95,70% pour la désaffiliation
Le congrès de ce 18 janvier a pour but de soumettre au vote la scission du SCID de la CFDT. Une date choisie au hasard? Non. C’est ce même jour que le TGI de Créteil devait déterminer si la mise sous tutelle du SCID par la CFDT est légale. Finalement, le tribunal s’est jugé incompétent, renvoyant au TGI de Paris. Mais ce n’est que partie remise pour le SCID. Surtout que très récemment, « la CFDT a changé ses statuts », dénonce Alexandre Torgomian. « Désormais, elle peut mettre un syndicat sous tutelle ». Même si la justice donne finalement raison au SCID, celui-ci risque de rester sous l’emprise de la CFDT. Résolu à en finir avec cette situation, Alexandre Torgomian énumère devant l’assemblée les modifications apportées aux statuts, et soumises au vote. Toute mention à la CFDT est supprimée. Quelques minutes plus tard, le résultat est sans appel: les représentants approuvent à 95,70% la désaffiliation du syndicat de la CFDT. Le SCID devient indépendant.
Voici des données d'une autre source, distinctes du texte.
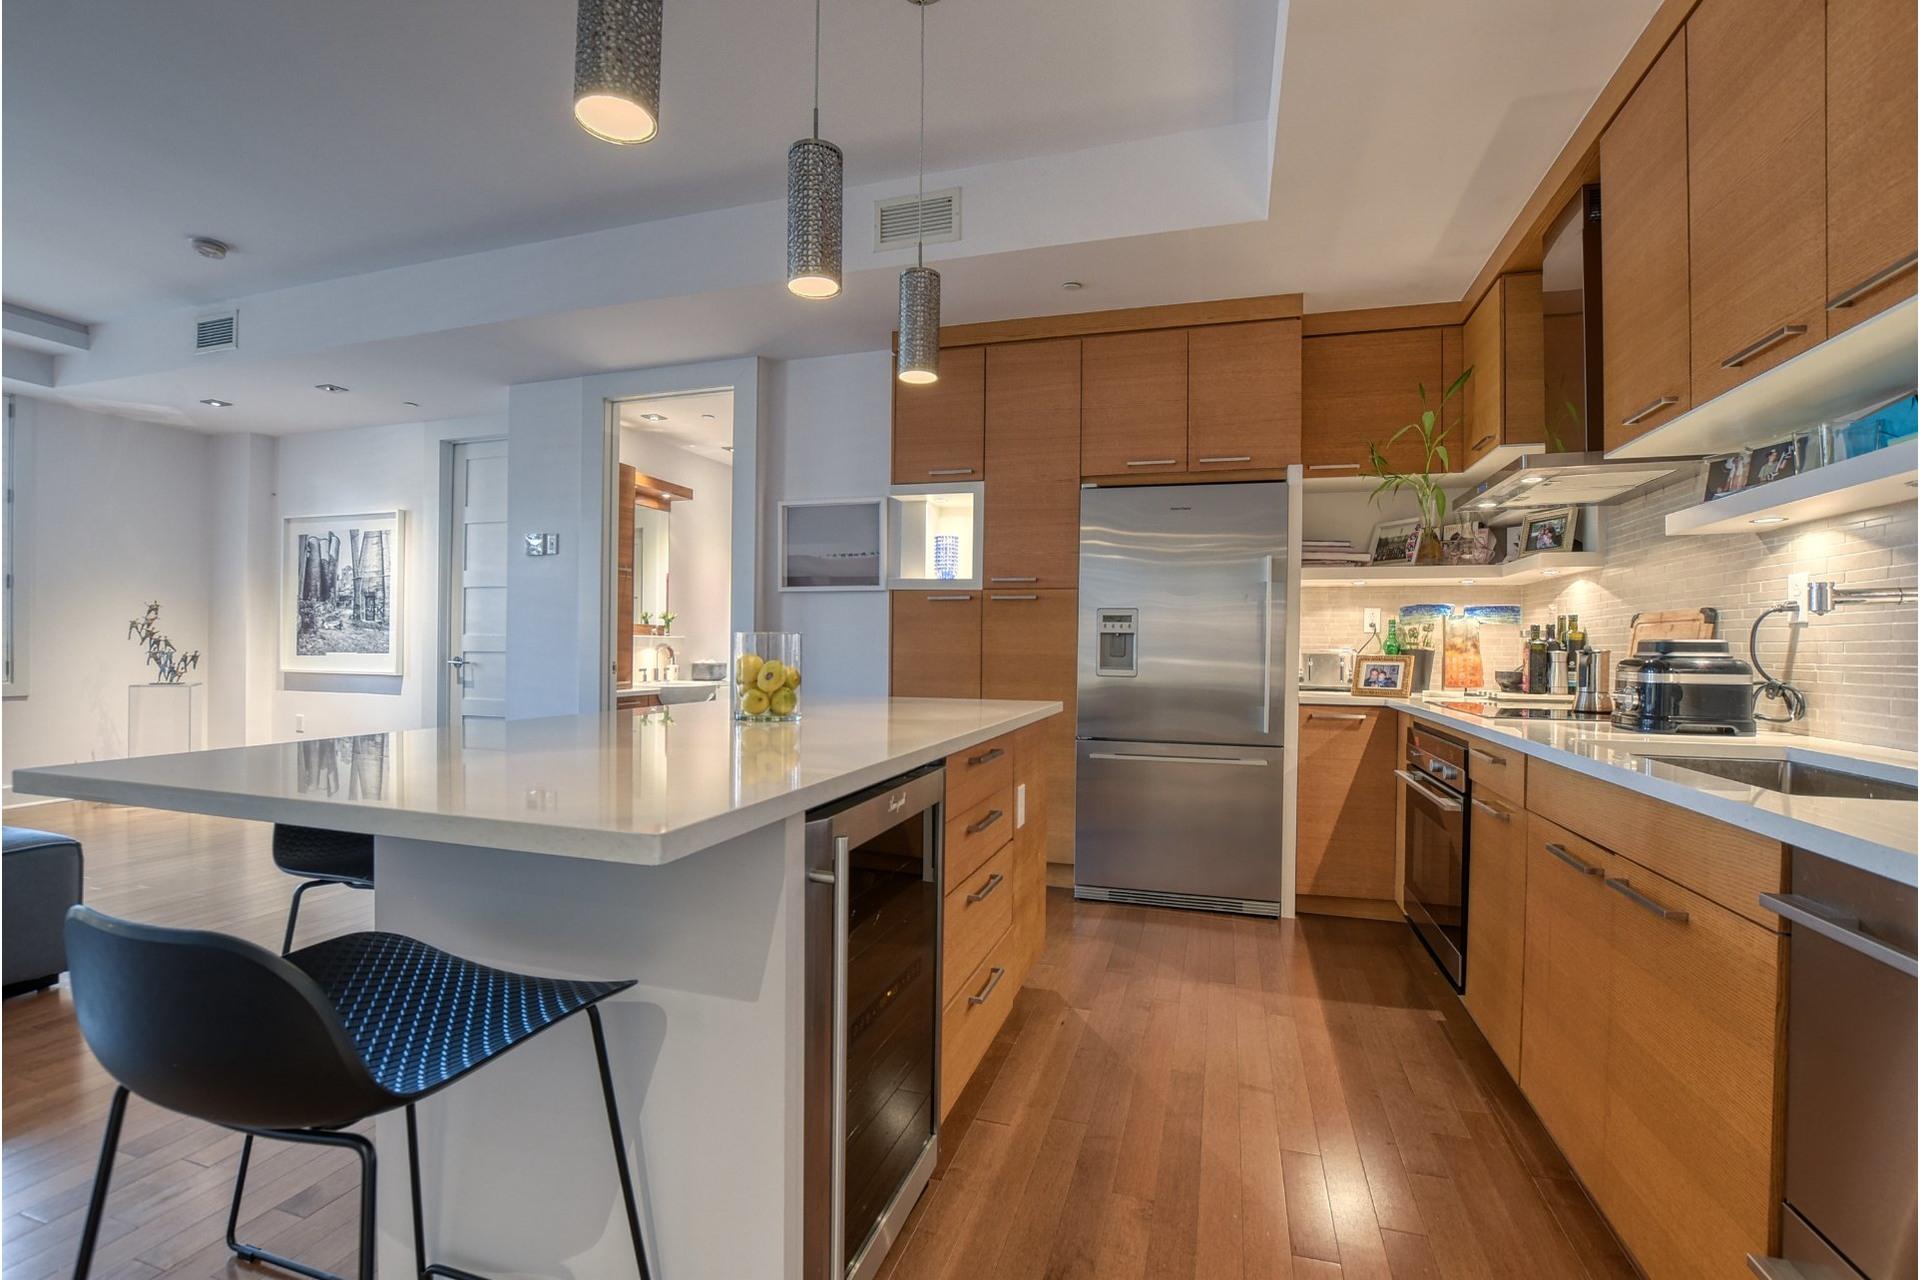 image 11 - Apartment For sale Outremont Montréal  - 8 rooms

Moins d’accords pour le travail dominical
Les patrons du commerce doivent-ils s’en inquiéter? Oui, selon Alexandre Torgomian. « Dans les entreprises, il y aura moins de risques que la CFDT signe un accord sur le travail du dimanche. Il faut l’accord de 50% des syndicats. Nous pourrons nous allier aux autres syndicats ». Avec une limite cependant: une représentativité fragile pour le SCID, tout du moins au début. « Les élus syndicaux exercent leur mandat jusqu’aux prochaines élections », explique Dahbia Mesbahi, avocate du SCID. « Mais leur représentativité risque d’être comptabilisée pour la confédération, car ils ont été élus sous la bannière CFDT. Quant aux délégués syndicaux, qui n’ont pas été élus mais mandatés par la CFDT, ils risquent d’être dé-mandatés. » Alexandre Torgomian rassure l’auditoire: « Nous vous re-mandaterons sous l’effigie SCID. » Le véritable défi sera de gagner des voix lors des élections professionnelles, et ce, entreprise par entreprise. « Il y a des élections en permanence. Nous comptons grappiller dans la représentativité de la CFDT, jusqu’à être représentatifs », prévient le secrétaire général. « Et même s’il y a un accord signé, nous avons l’action syndicale, nous pouvons faire grève le dimanche. » Premières élections dans le calendrier: Carrefour en janvier, Cora peu après, Monoprix en mai.